Later in the school year, Career Academy students joined Honors Program students for an online YouTube party to watch the documentary Chasing Coral with Dr. Ann Grens, Associate Professor of Molecular & Developmental Biology, for an introduction and questions and answers. Karakatsanis said that during the pandemic, the YouTube party was a way to get students together even though they could not meet in person often.
“We had hoped that there could be more face-to-face interaction between our students and her students, and we’re hoping that this year there actually will be more of that,” she said. However, Kytta’s students were able to meet with Honors students when a small group visited in February. They had a tour of campus and met with a group of Honors students who talked to them about college life and resources on campus—and that college could be an option for them if they chose it. (They each left with an Honors Program t-shirt, water bottle, and cinch bag!)
Also in the spring, Kytta started a campaign with her students to build a library for their sister elementary school, the Success Academy, and IU South Bend Honors Program students joined in on the effort. Together, all the students raised about $900 through a GoFundMe campaign and gathered about 2,000 books for the library.
For Kytta and Karakatsanis, the collaboration was an opportunity to help build not just a strong NHS program for the Career Academy, but to bolster community when students at all levels were feeling a strong disconnect because of the pandemic. They hope that the collaboration is just the start of building more community ties, particularly through joint service.
For students Cassel and Closson, that service is what makes the soul of the Honors Program.
“The service portion of the Honors Program helps teach students to be selfless and helps teach students to be humble,” Cassel said. She described a period of being homeless as a younger person and said it was important for students to learn that they can help others without being judgmental, particularly those students who are used to having a strong safety net.
“Everybody in the Honors Program is studying, studying, studying, working hard, working hard, working hard, that they might forget to take time to look at the world around them,” she said. “And many Honors students are going to be in leadership positions (in the future), so it helps with learning humility so that if you’re leading a team you would be able to keep in mind that they also have families and they also have other responsibilities to ensure it’s a workable position for everybody.”
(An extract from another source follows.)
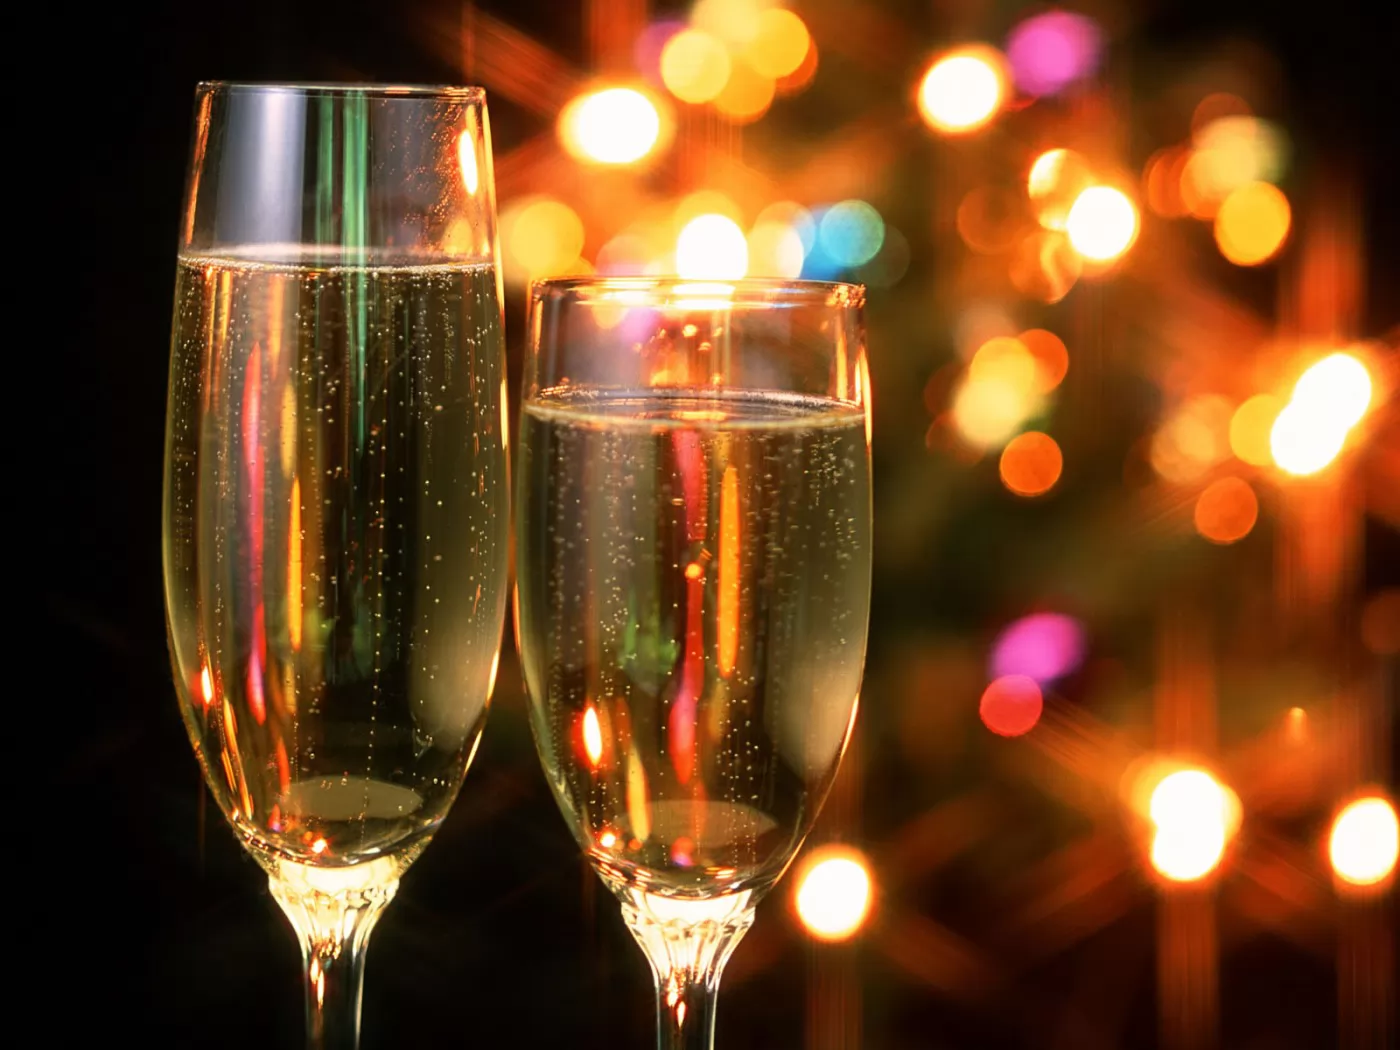 Бокалы с шампанским, золотистое, клипарт, напитки, Новый год, праздники х

Closson said she views the service component of the Honors Program as “the center of the Honors Program and the ideals of what the Program wants to achieve because service not only provides for others, but also is very reflective for yourself. You can have a lot of appreciation for the work that you do and have a sense of pride for serving others.”
Getting involved in the community is a benefit in itself, she said, increasing a sense of personal fulfillment. It also helps build connections that could help you personally or professionally in the future.
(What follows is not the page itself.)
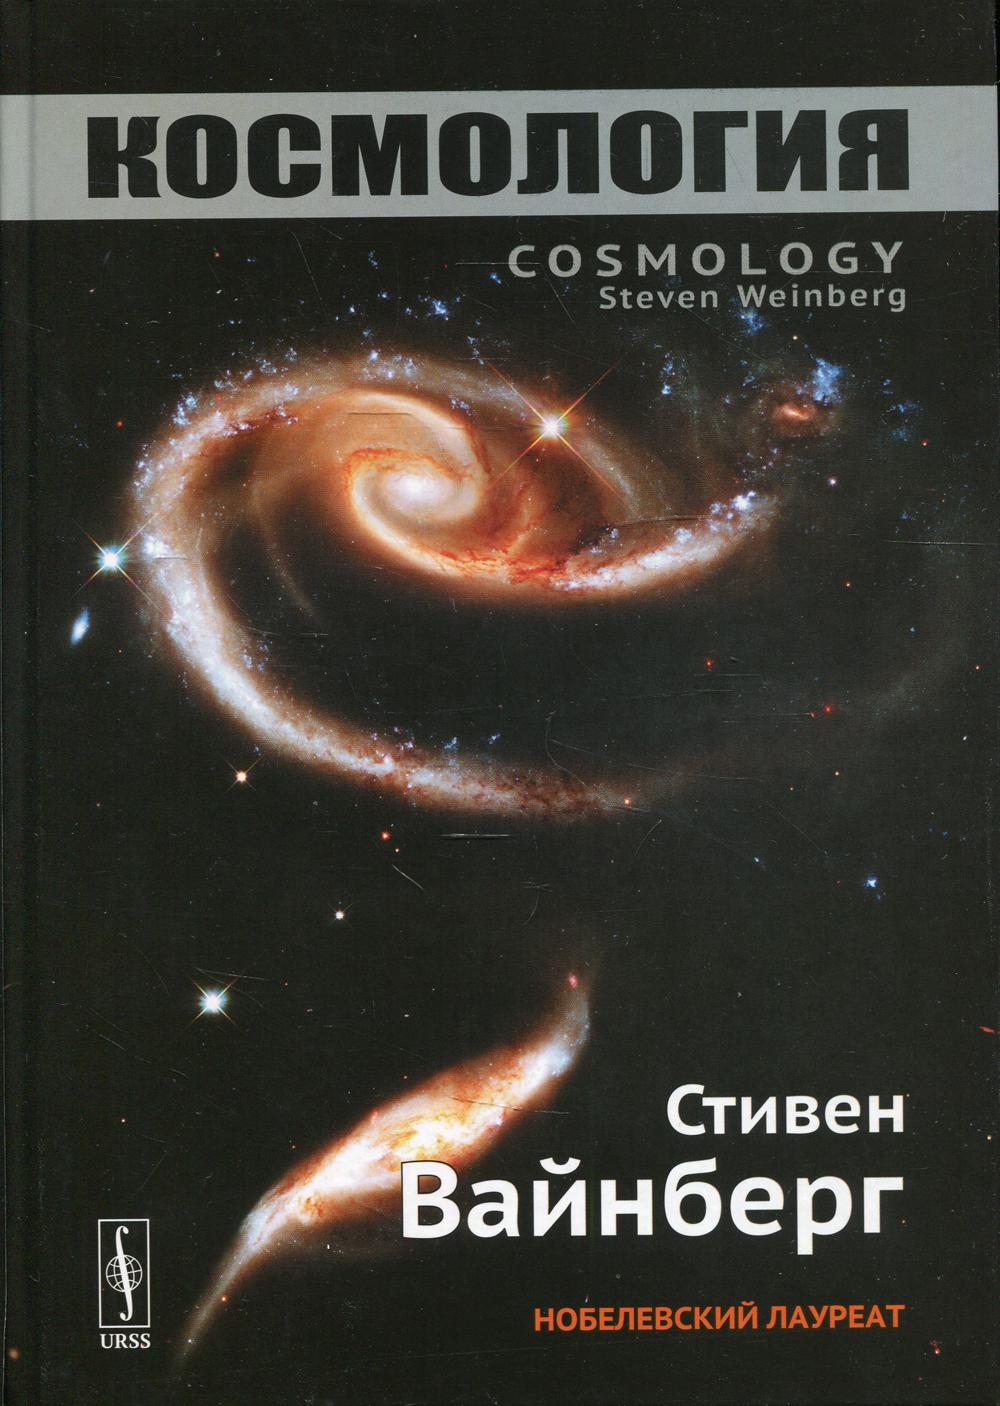 фото Книга космология 2-е изд. ленанд

“We have tons of students who do far more than the 10 hours required every semester because they truly learn to enjoy it,” Closson said. “They see the value and then see how it affects them and makes them more appreciative for everything they have.”
Katherine Cassel
I love this. This was a perfect picture.
Elizabeth Bennion
What a wonderful story! Congratulations to Dr. Karakatsanis, Michelle Kytta, Paige Closson, Katherine Cassel, and the rest of the Honors students who participated in this program!